Exercise instructions ::
Could you print exactly the lines from the one that contains "2022 Toyota RAV4 Off Road 1 Snipped" to the end of the data, both ends included, and nothing else? Skip the pictures.

Supplied information ::
---
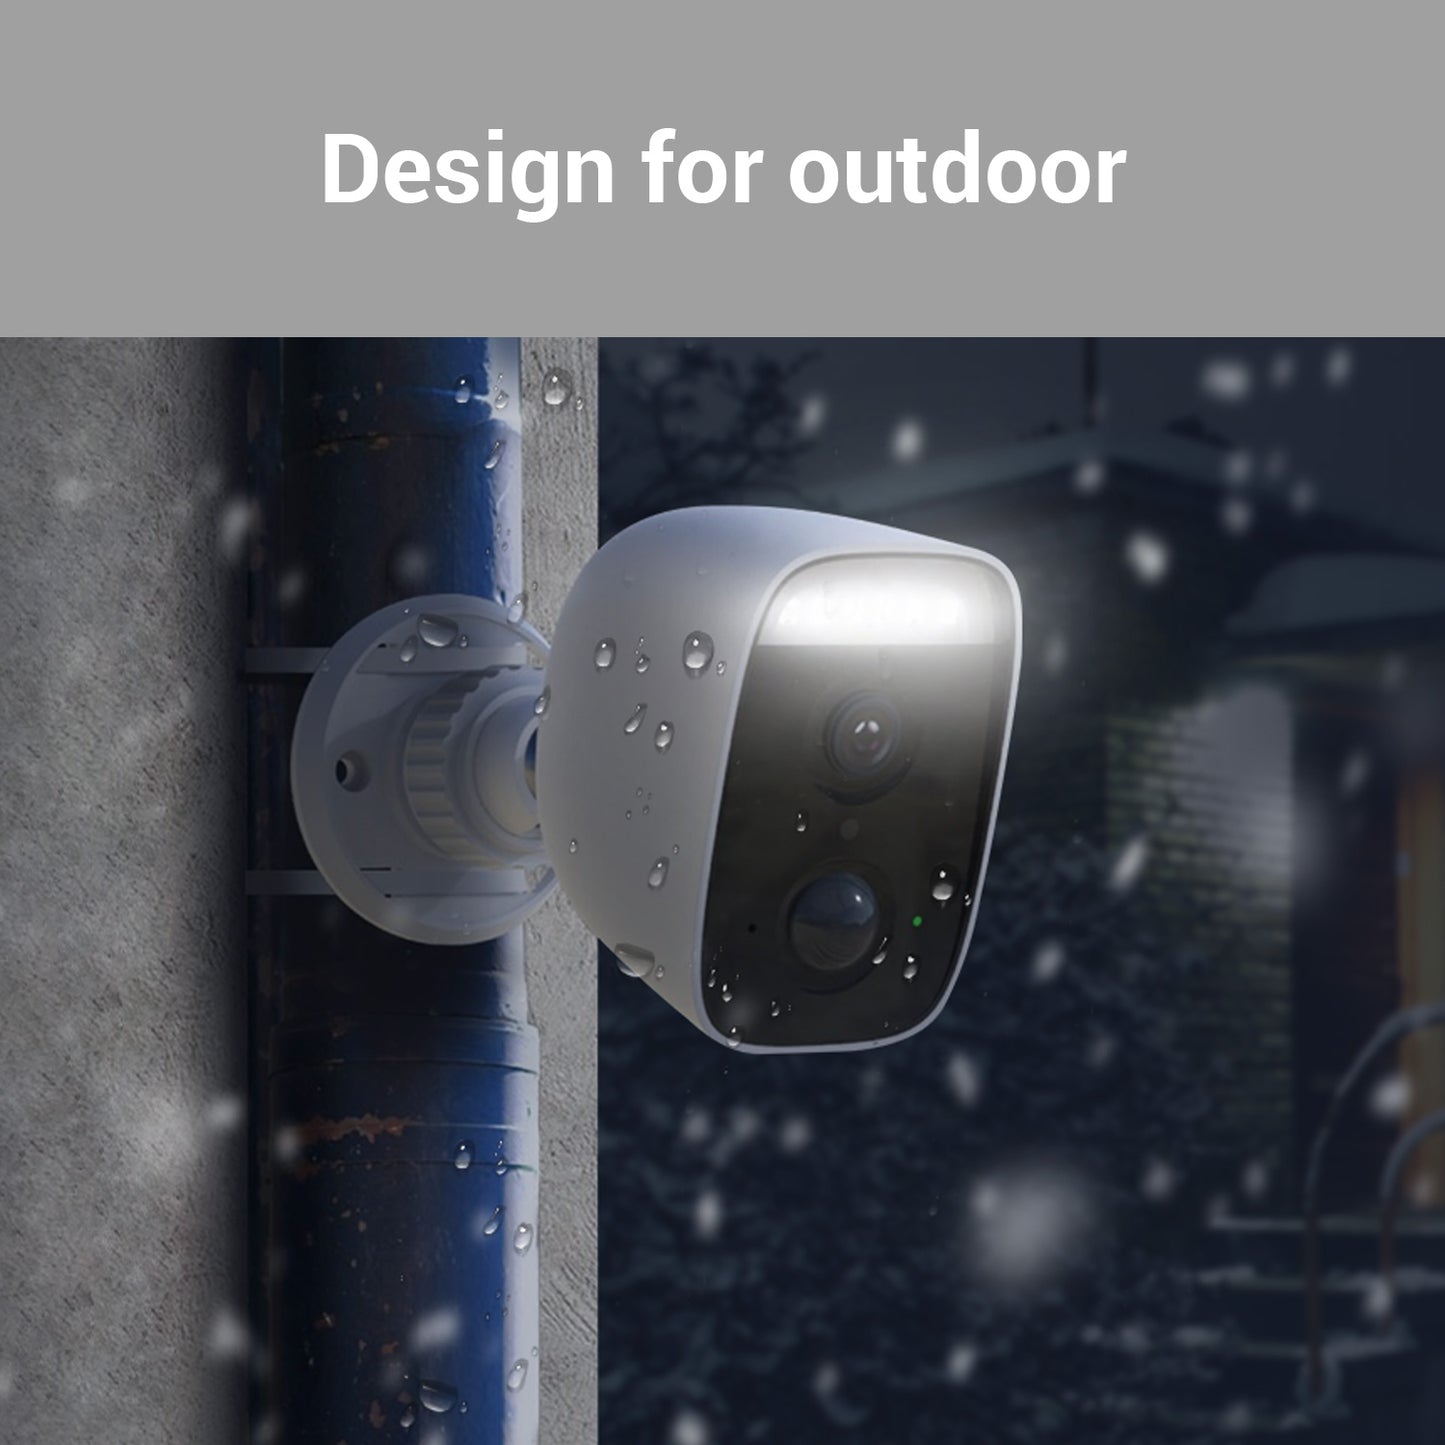 DCS-8630LH | mydlink Full HD Outdoor Wi-Fi Spotlight Camera with Built-in Smart Home Hub
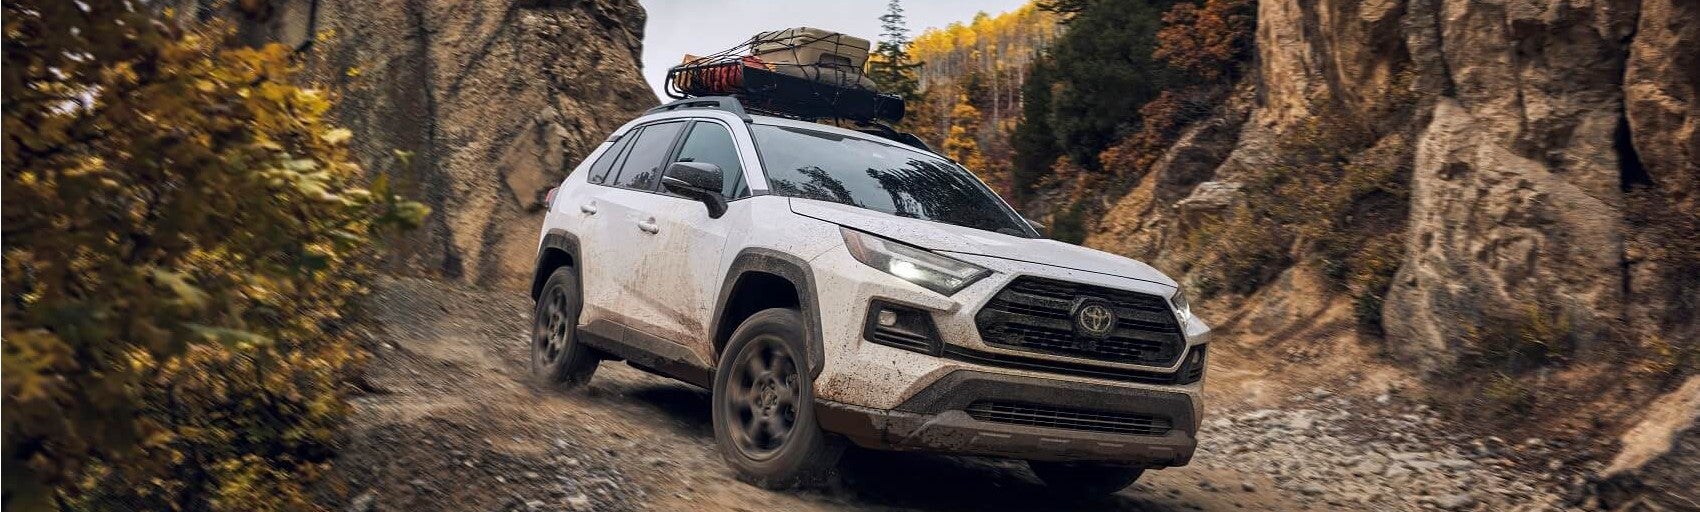 2022 Toyota RAV4 Off Road 1 Snipped
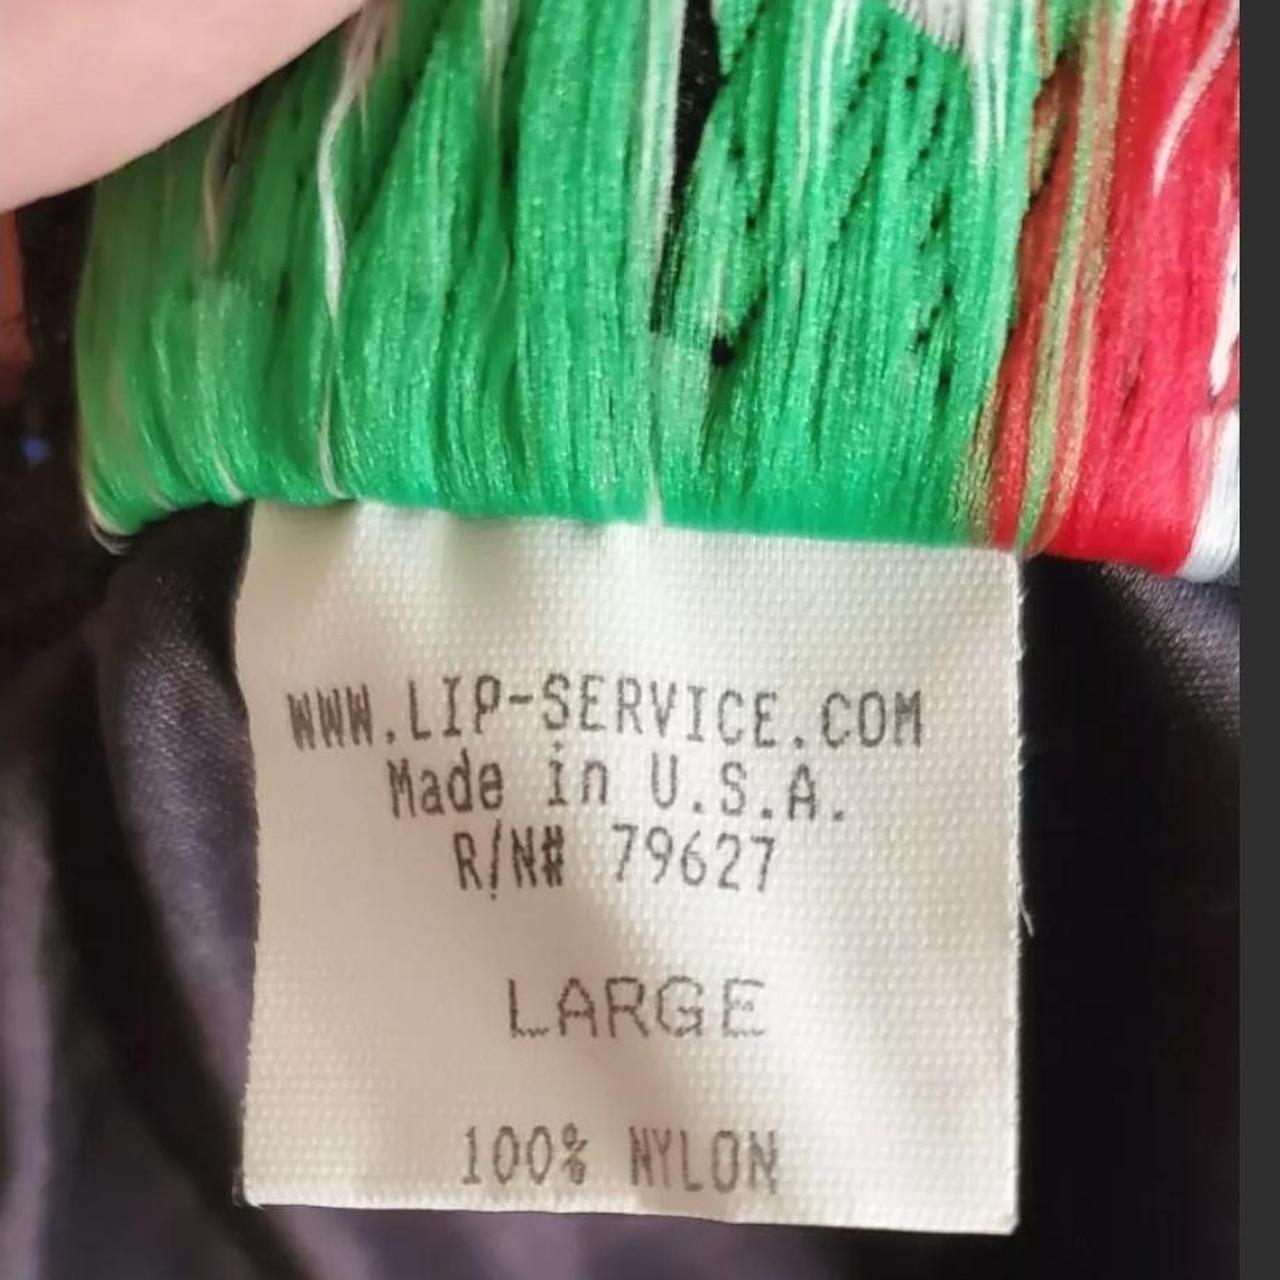 found this lip service dress at a garage sale. help with dating and  pricing? : r/Depop
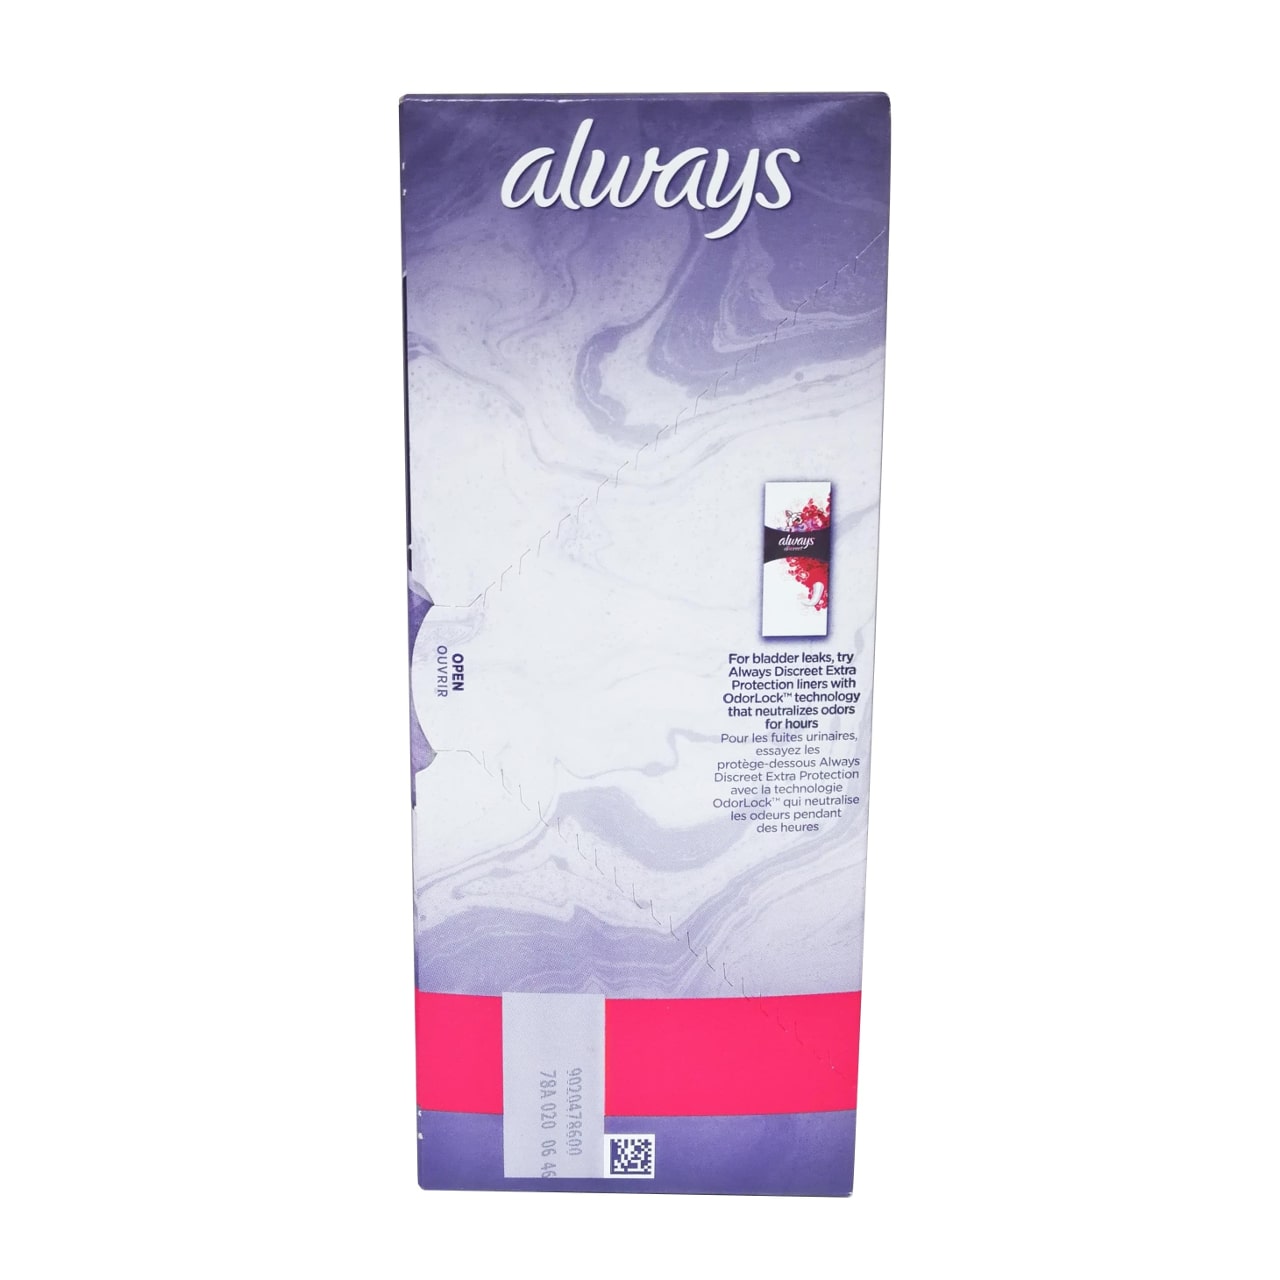 Product details for Always Daily Liners Xtra Protection Extra Long 2 of 3
---
Response for this exercise ::
 2022 Toyota RAV4 Off Road 1 Snipped
 found this lip service dress at a garage sale. help with dating and  pricing? : r/Depop
 Product details for Always Daily Liners Xtra Protection Extra Long 2 of 3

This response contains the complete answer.